Избавление - Василий Соколов
Шрифт:
Интервал:
Закладка:
Куда же подевалась надменность Кейтеля? Он мямлит еле слышно, что полномочия от правительства имеются, и судорожной рукой протягивает документ.
Встав, Жуков объявил:
- Предлагаю немецкой делегации подойти сюда, к столу. - Маршал кивает, на покрытый зеленым сукном широкий стол. - Здесь вы подпишете акт о безоговорочной капитуляции Германии.
Какое-то время Кейтель еще помедлил, будто собираясь с силами подняться. Медленно нащупал побелевшими пальцами фельдмаршальский жезл, неуверенно, пошатываясь, направился к широкому столу. Монокль выдавился из его глаза, упал, повиснув на шнурке. Он пытался еще сохранять надменность, вернувшуюся к нему, нащупал монокль, вставил в глаз, снял перчатку, сел на край стула, начал подписывать экземпляры акта. Генерал авиации Штумпф зло и размашисто ставил подпись, адмирал фон Фриденбург, какой-то обмякший и сонный, долго пыхтел над листами акта...

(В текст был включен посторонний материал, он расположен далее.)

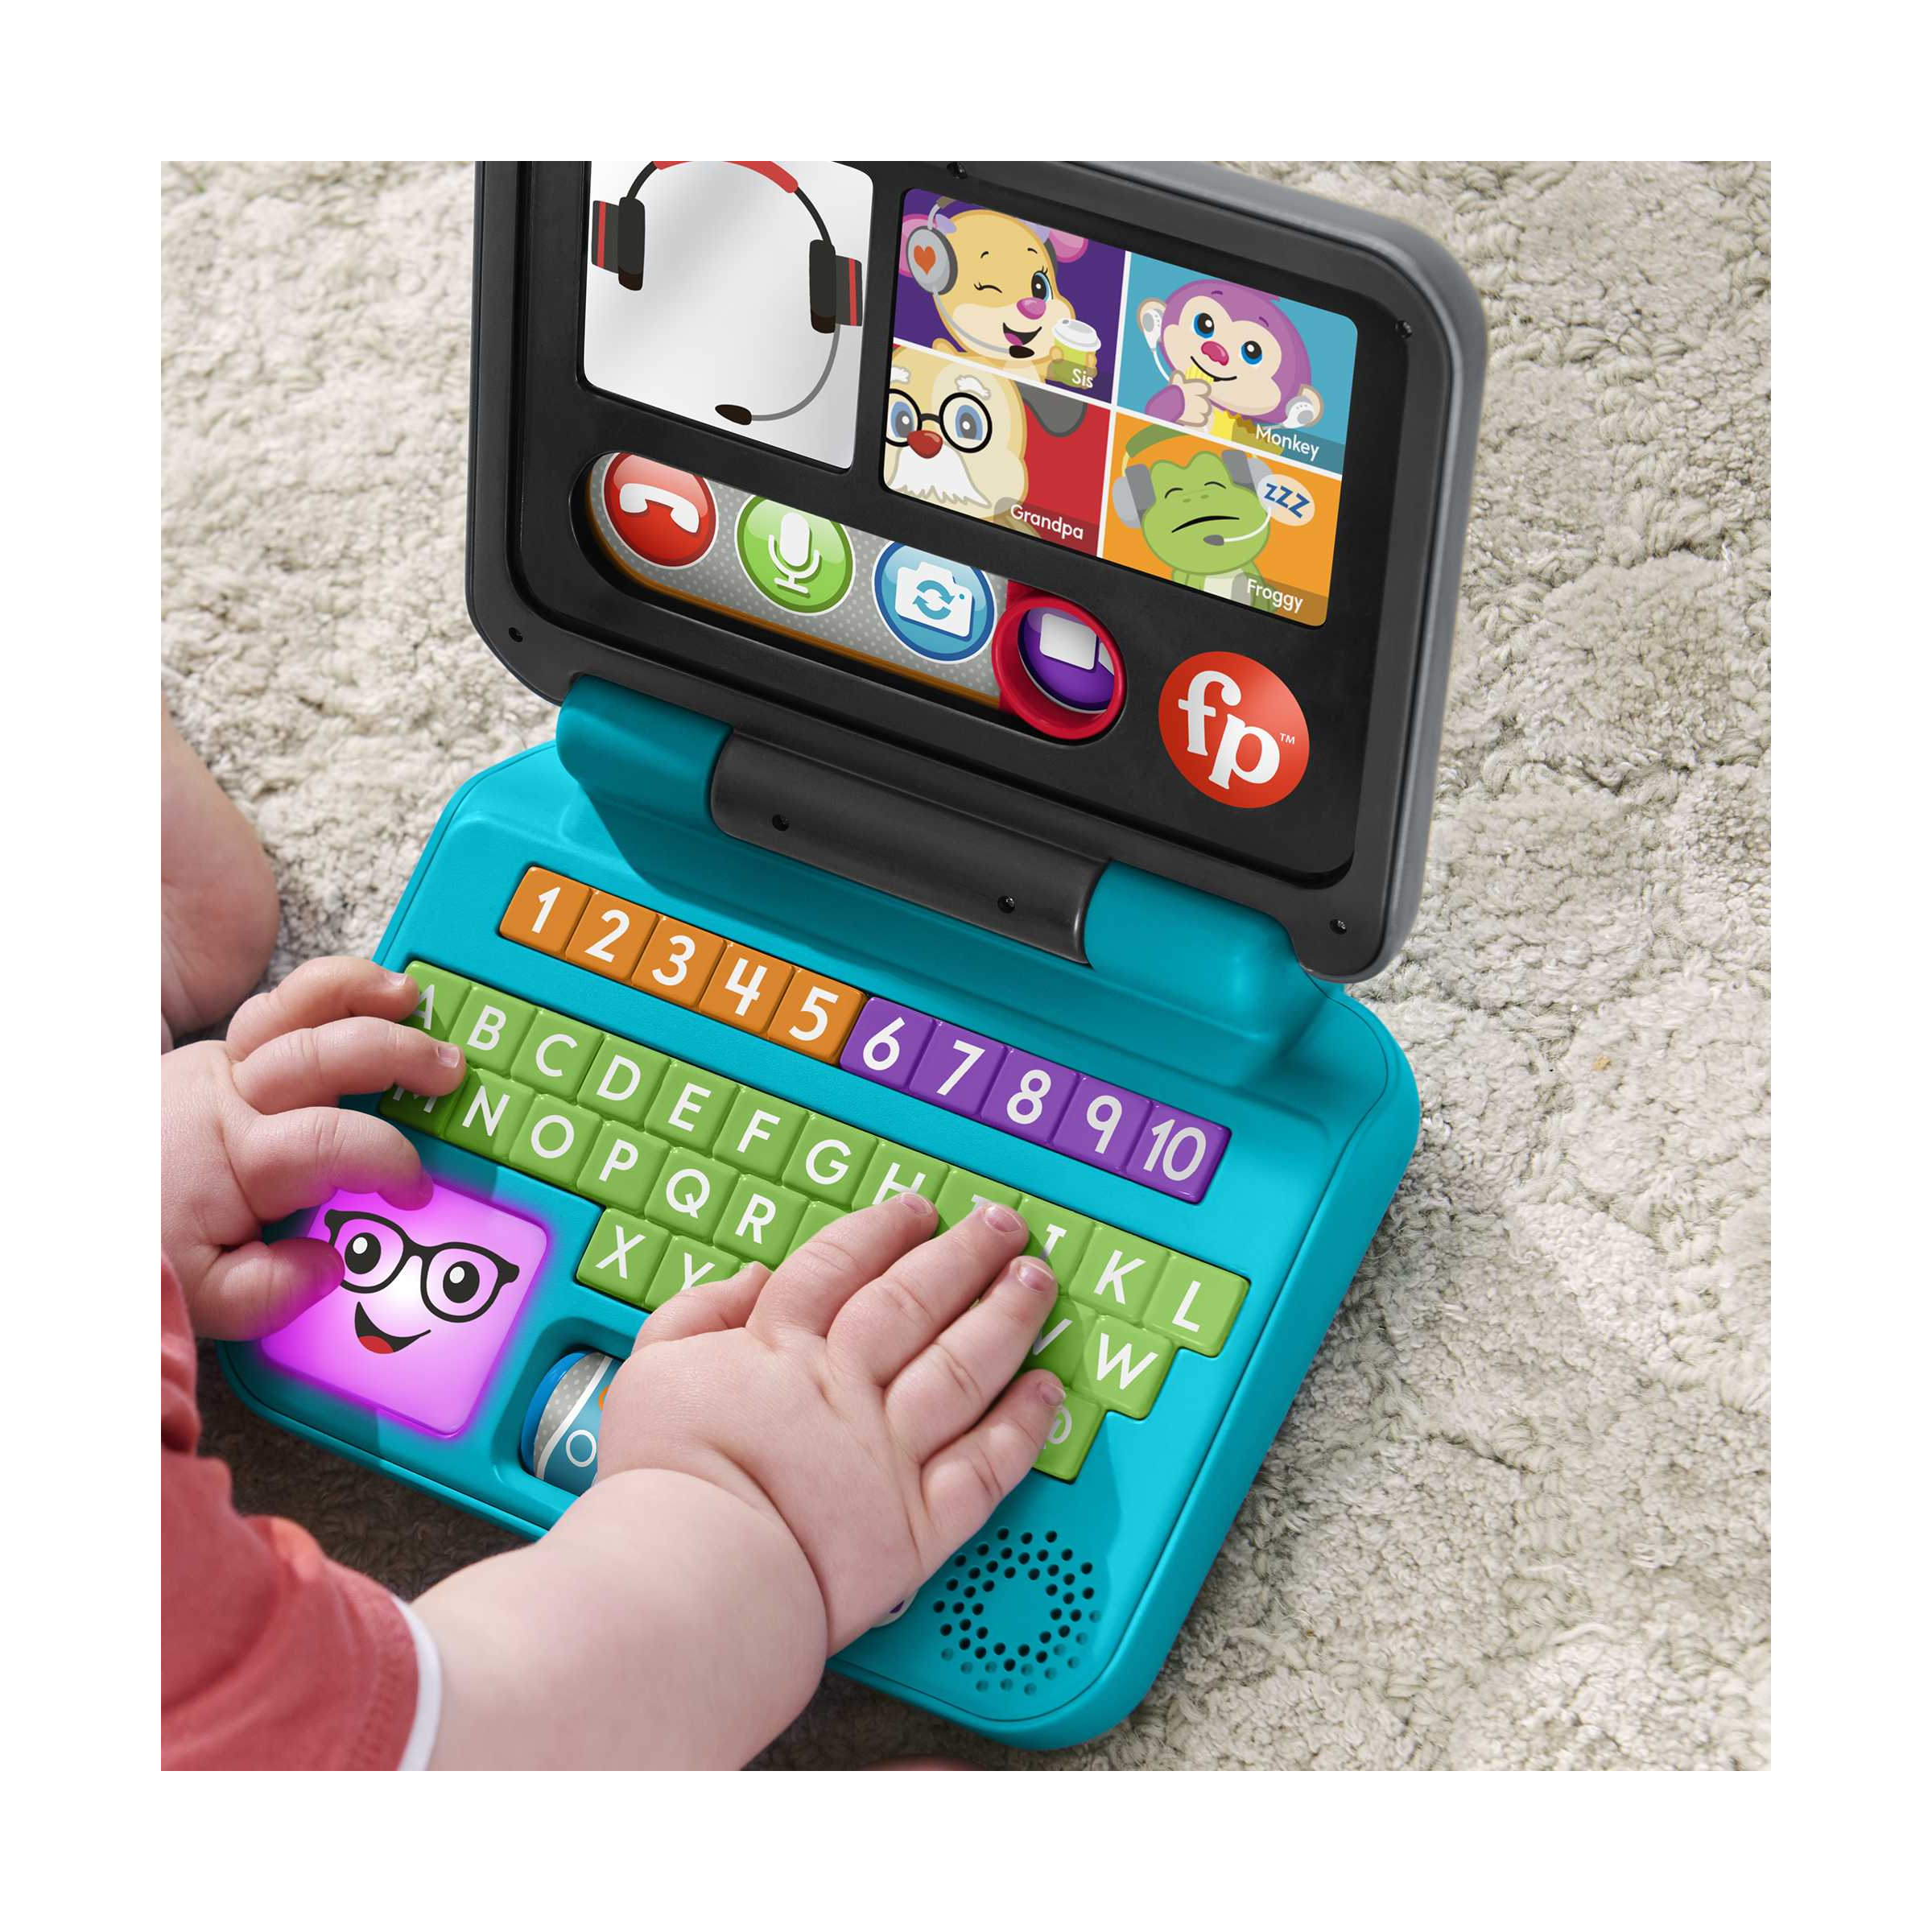 fisher-price - ridi e impara il mio primo laptop, edizione italiana,  giocattolo elettronico con contenuti educativi smart stages, giocattolo per  bambini 6+ mesi, hhh03 - Toys Center

В 0 часов 43 минуты 9 мая подписание акта безоговорочной капитуляции закончилось. Маршал Жуков ледяным голосом предложил германской делегации покинуть зал... И немцы, склонив головы, удалились.
Маршал Жуков заулыбался во все лицо и, не сдерживая волнения, поздравил всех присутствующих с долгожданной победой. Громово раскололи скованность зала аплодисменты. Поднялся невообразимый шум. Залом овладели члены союзных делегаций, офицеры, фотокорреспонденты, журналисты, переводчики, адъютанты, сопровождавшие высокие чины; все разноголосо кричали: "Браво! Ура! Вива! Победа!.." Но и этого словно мало, начали кидать к потолку береты и фуражки, тискали друг друга, качали. Пытались поднять на руки и маршала Жукова, но лишь его важность сдержала столь бурное проявление чувств.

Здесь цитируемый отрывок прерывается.